At the outset of infection, symptoms include fever, chills, and fatigue. Several days later, a rash becomes noticeable, usually beginning on the face and spreading to other parts of the body, he says. The rash starts as flat lesions that raise and develop fluid, similar to manifestations of chickenpox. Once the rash scabs and falls off, a person is no longer contagious.
“It's an uncomfortable infection,” says Van Voorhis, the University of Washington School of Medicine professor. There may be swollen lymph nodes. Sores and rash are often limited to the genitals and areas around the mouth or rectum, suggesting intimate contact as the source of spread.
Symptoms of monkeypox usually last from two to four weeks. The WHO estimated that fatalities range from 3 to 6 percent. Although it’s believed to infect various animal species, including rodents and monkeys in west and central Africa, “the animal reservoir for the virus is unknown,” says Kanki, the Harvard T.H. Chan School of Public Health professor.

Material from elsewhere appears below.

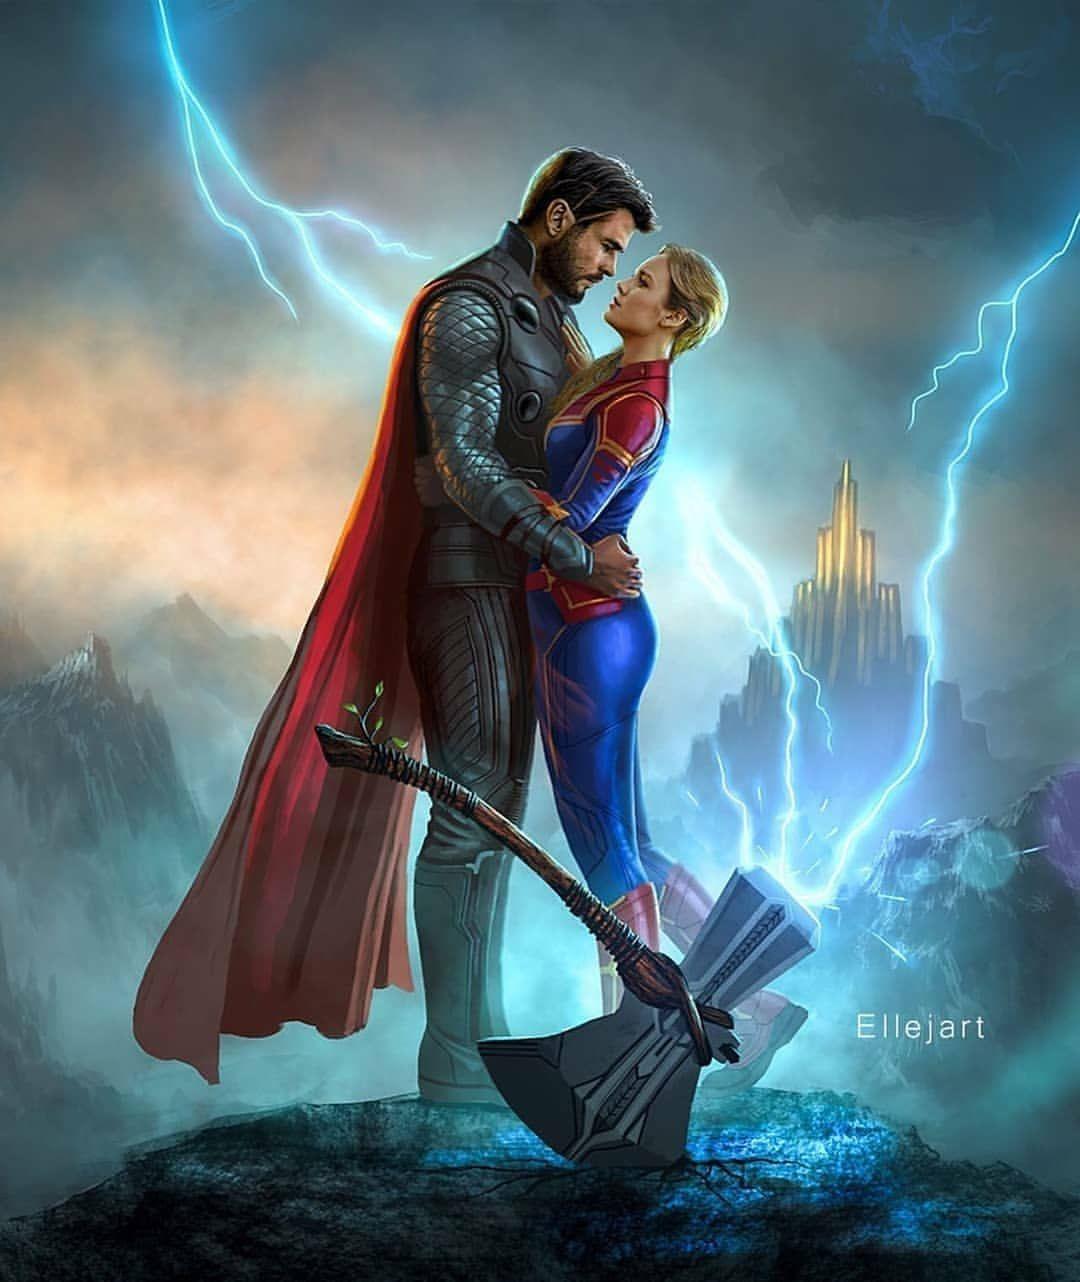 1 Or 2 Art By Ellejart Thor Fatthor Captainmarvel Endgame Avengersendgame Fanart Ell Captain Marvel Marvel Superhero Posters Marvel Comic Universe Trends for thor and captain marvel love

Too often, viruses originate in parts of the world that are too poor to grapple with them and may lack the resources to invest in vaccines and treatments. “This disease is endemic in central and west Africa, and it has basically been ignored until it jumped to the north and infected Europeans, Americans, and Canadians,” Van Voorhis says. “We have to do a better job in health care and prevention all over the world. This is the kind of thing that comes back to bite us.”